Membangun Pikiran Bangsa Lewat Baca-Tulis

Oleh Muchsin Ismail, Praktisi Pendidikan dan Penikmat Sosial Budaya

sigamba
“Jangan sekali-kali pernah bermimpi untuk bisa mengalahkan Jepang, Korea Selatan, AS, dan negara maju lainnya ketika Anda tidak terbiasa membaca dan menulis” (Ari Ginanjar)
 
Tidak mudah memenangkan kontestasi negara di level internasional, apalagi harus berhadapan dengan negara Jepang dan Korea Selatan di Asia, Amerika Serikat, dan atau negra-negara yang ada di kawasan Skandinavia, negara-negara yang tingkat kemakmurannya jauh dari bangsa-bangsa di Asia, termasuk indonesai.

Memang, kita memiliki Sumber Daya Alam (SDA) yang melimpah dan Sumber Daya Manusia dengan jumlah penduduk terpadat di dunia, dibawah China, AS, dan India. Tetapi apakah ini bisa diandalkan? Jawabannya tentu saja bisa, tapi tentu saja harus disertai dengan catatan.

Membangun Pikiran

SDA dan jumlah penduduk adalah modal dasar memenangkan persainga global, tapi bukan penentu utama. Sebab apa artinya SDA melimpah jika tidak bisa dikelola dengan baik; dan apa pula maknanya penduduk padat tapi kualitas ilmu pengetahuan dan ketrampilannya rendah. Oleh karena itu, guna meningkatkan produk SDA berdaya saing tinggi hanya bisa dilakukan oleh penduduk yang tingkat ilme pengetahuandan keterampilannya tinggi dan selalu di up grade dari waktu ke waktu.
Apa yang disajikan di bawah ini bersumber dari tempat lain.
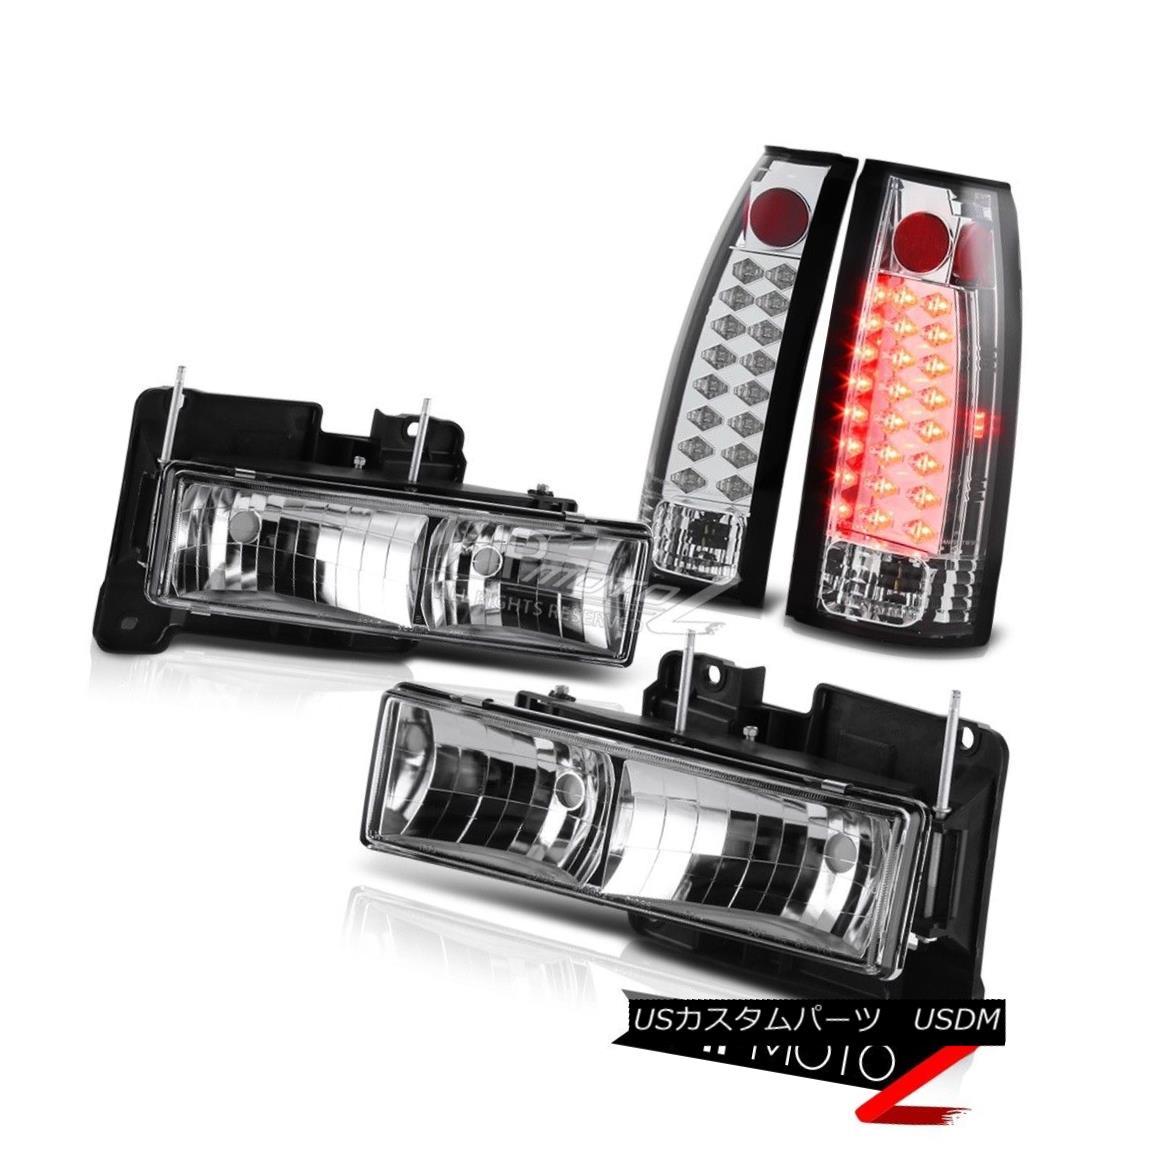 1994-1998 Chevy Truck Z71 3RD Brake Lamp Tail Lights Headlamps Signal Parking
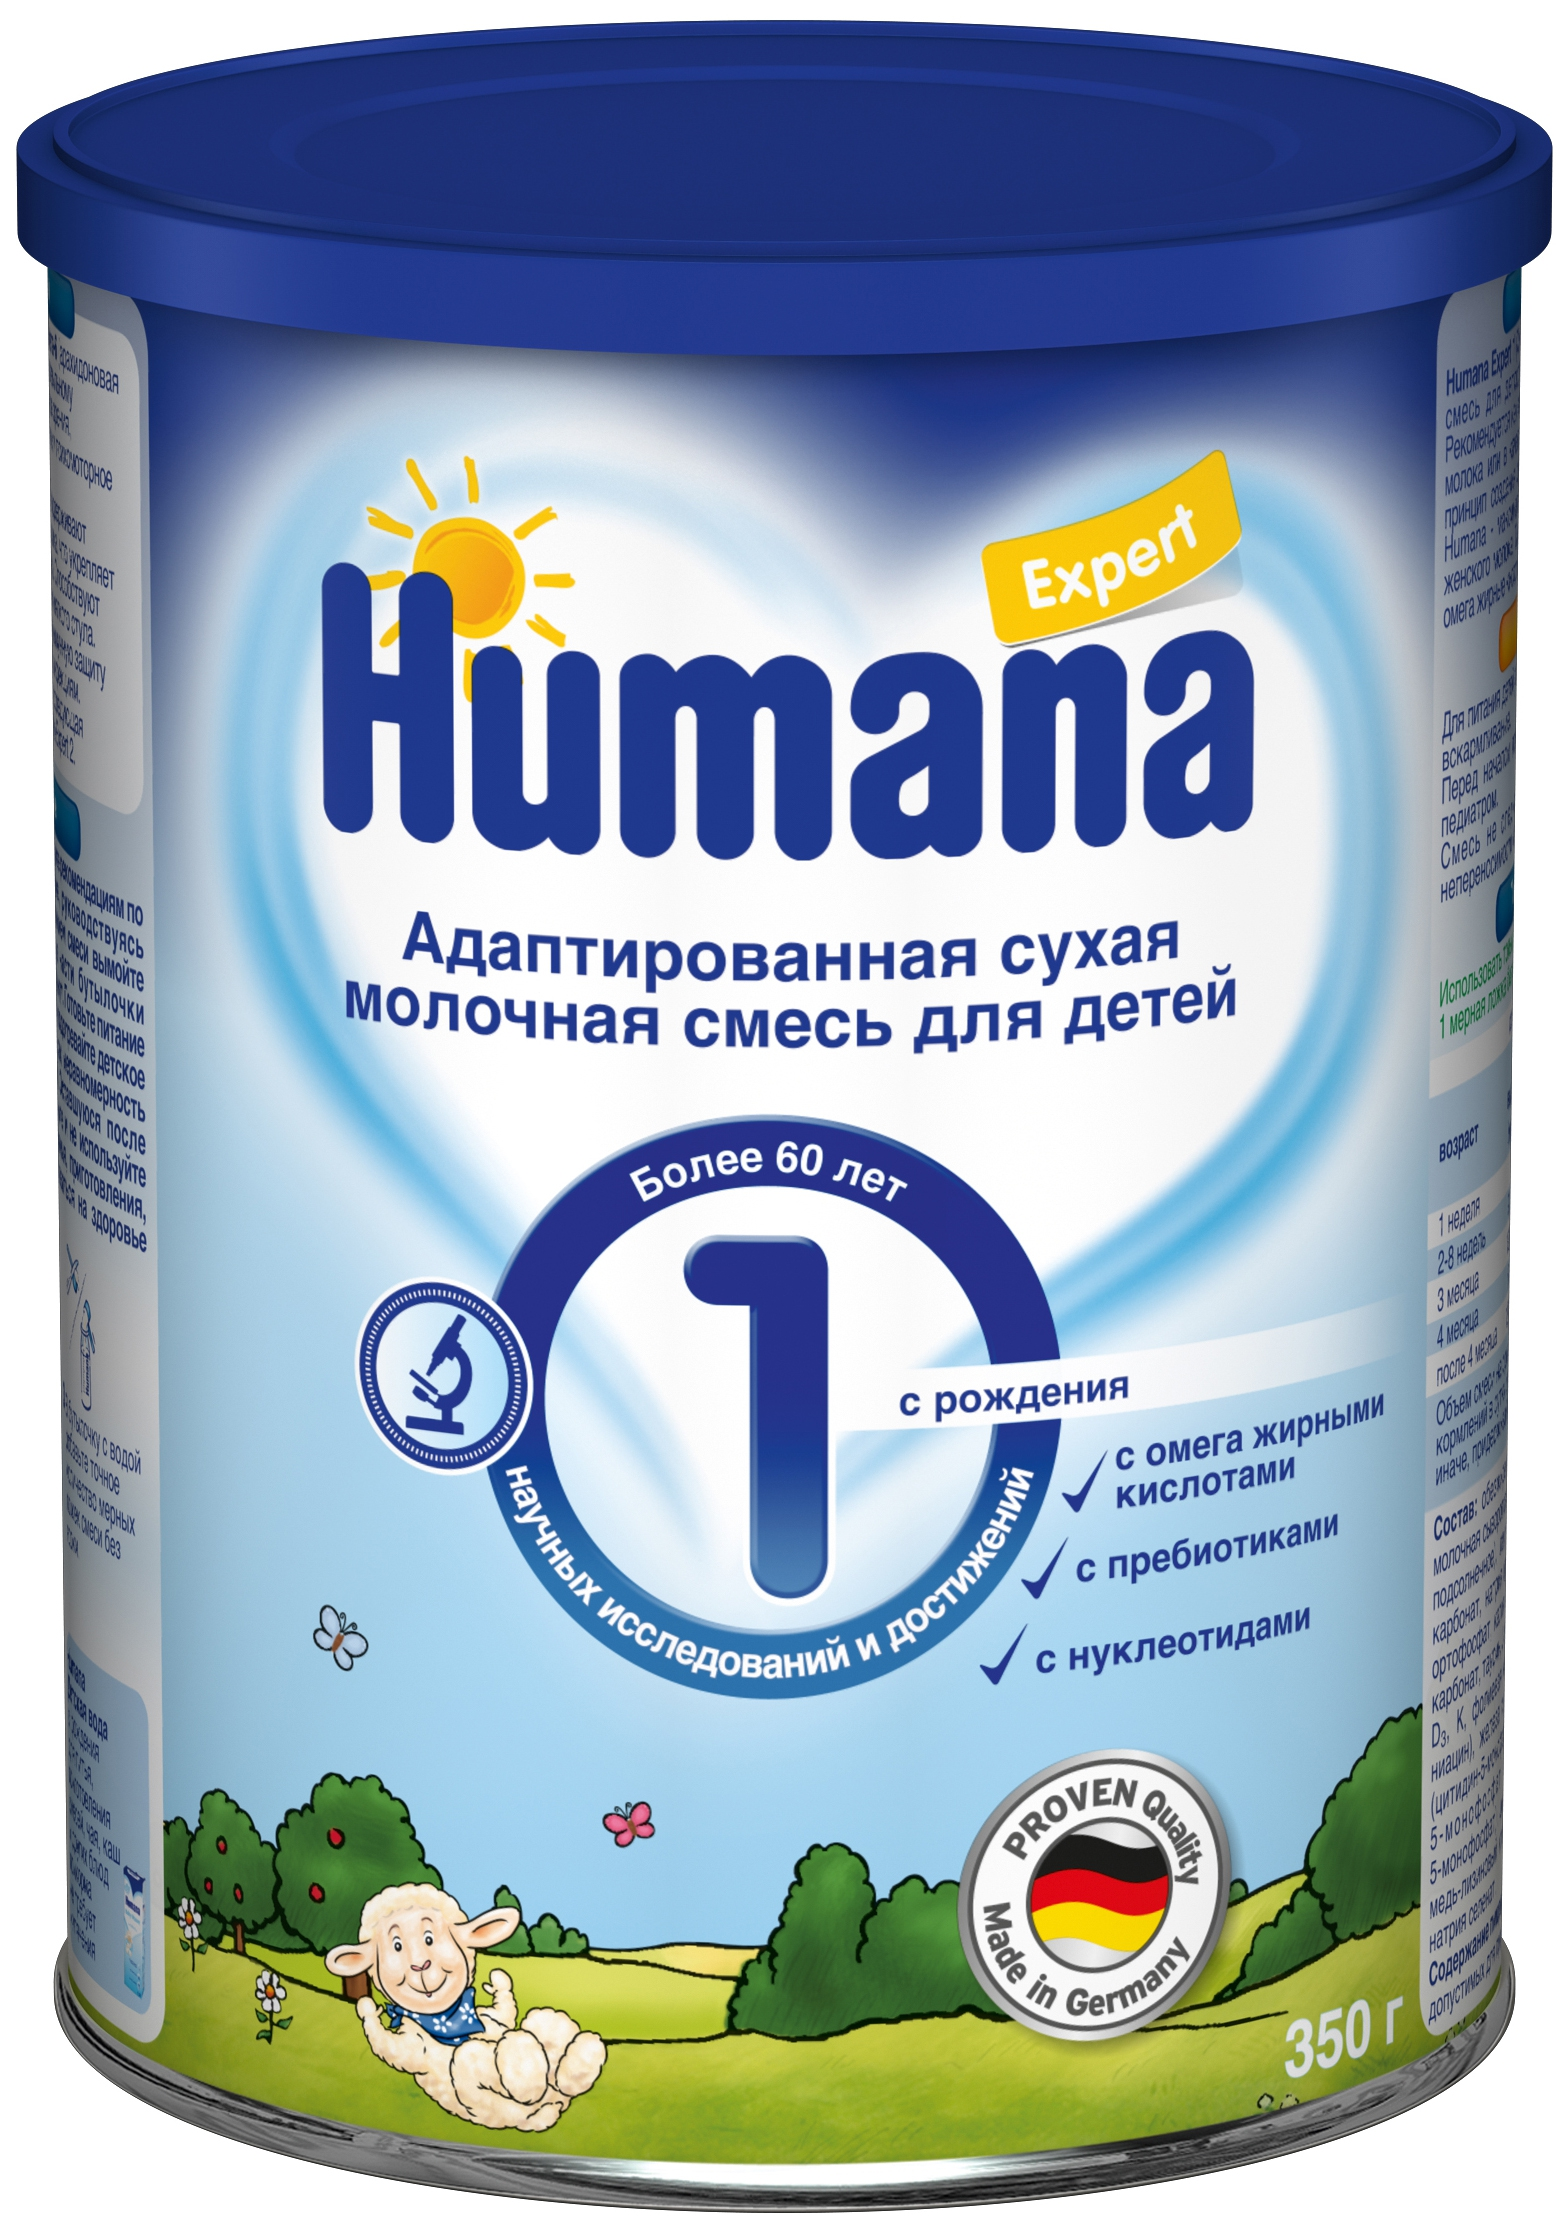 Сухие Хумана Humana Expert 1 (с рождения) 350 г

Tidak ada jalan “tol” dalam meraih kesuksesan, semuanya butuh proses yang panjang. Dan proses menuju bangsa pemenang adalah dengan membangun pikirannya. Membangun pikiran bangsa berarti mengontruksi budaya baca-tulis. 

Lemahnya budaya membaca dan menulis merupakan kenyataan sosial kita sampai hari ini. Realitas sosial, seperti didefinisikan oleh Peter L. Berger dan Thomas Luckmann (1990), adalah sutu kualitas yang terdapat dalam fenomena-fenomena yang memiliki keberadaan (being) yang tidak tergantung kepada kehendak individu manusia (yang kita tidak dapat meniadakannya dengan angan-angan). Ia adalah hasil (eksternalisasi) dari internalisasi dan obyektivasi manusia terhadap pengetahuan – dalam kehidupan sehari-hari.

Bertolak dari pemikiran Berger dan Luckman: manusia merupakan instrument dalam menciptakan realitas sosial yang obyektif melalui proses eksternalisasi, sebagimana ia memengaruhinya melalui proses internalisasi, yang mencerminkan realitas subyektif. Masyarakat tidak memiliki bentuk lain kecuali untuk yang diberikan padanya oleh aktivitas dan kesadaran manusia. 

Dalam konteks membangun pikiran bangsa, realitas sosial sejatinya yang kita kehendaki adalah masyarakat pembelajar “gila” membaca dan mengaktualisasikan apa yang dipelajarinya dengan aktivitas menulis. Maka dari itu, institusi keluarga sebagai kelompok sosial primer berada digarda depan dalam menciptakan realitas sosial individu pembelajar. Gerakan ini harus sejalan dan seiring dengan institusi sekolah dengan melakukan pembiasaan membaca kira-kira setengah jam sebelum jam pembelajaran dimulai. 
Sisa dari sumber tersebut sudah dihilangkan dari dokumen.